On Tue, 9 Oct 2001, Shane Kerr wrote:

> Date: Tue, 9 Oct 2001 12:16:54 +0200
> From: Shane Kerr <shane at time-travellers.org>
> To: Lee Howard <lhoward at uu.net>
> Cc: dbwg at arin.net
> Subject: Re: RWHOIS proposal
> 
> On 2001-10-04 10:55:09 -0400, Lee Howard wrote:
> > We've begun evaluating using RWHOIS.  Among the advantages I see are
> > instant updates, local access control, restricted access for bulk
> > queries, privacy protection, and if I'm lucky, a chance to integrate
> > RWHOIS and IRR.
> 
> True, true.
> 
> > The problems I'm having are that I will have to modify the code to 
> > query an existing SQL database, change the output to RPSL, and cost-
> > justify the work to the business.  I think ARIN can help me with the
> > last point.
> 
> When you say "change the output to RPSL" do you mean making an RWHOIS
> schema that is also valid RPSL?  I think this should be possible, as
> RWHOIS syntax is (mostly) a subset of RPSL.

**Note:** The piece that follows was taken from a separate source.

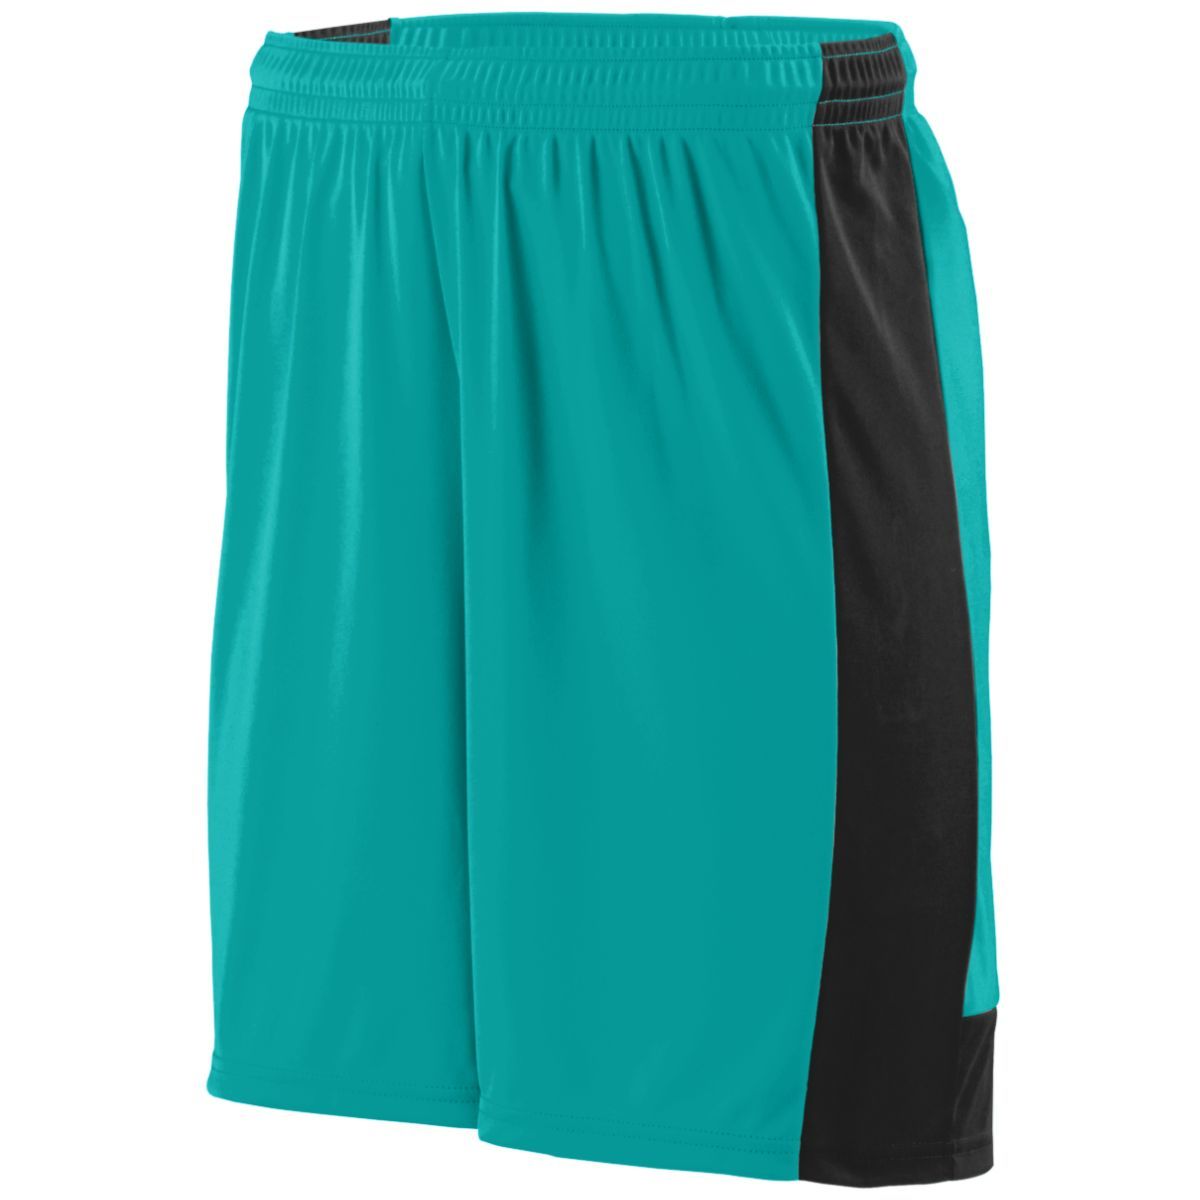 Augusta Sportswear Youth Lightning Shorts in Teal/Black  -Part of the Youth, Youth-Shorts, Augusta-Products, Soccer, All-Sports-1 product lines at KanaleyCreations.com

Exactly.  Should be nearly trivial, right?

> > So, ultimately, if the membership agrees that RWHOIS is a Good Thing,
> > this would create an incentive for them to use it.  If it creates less
> > work for ARIN, so much the better.
> 
> Does the membership agree RWHOIS is a Good Thing?  IIRC, it was
> something that the IP registration office at InterNIC (then run by
> Network Solutions) had proposed and set up.  Was there any community
> involvement or discussion before this?  (There may have been, but it was
> not a member community the way ARIN is.)

RWHOIS has been a recurring topic at public policy meetings.  Come to 
think of it, most of those discussions were after you left ARIN.  There
has been enough interest/support to keep the conversations going. 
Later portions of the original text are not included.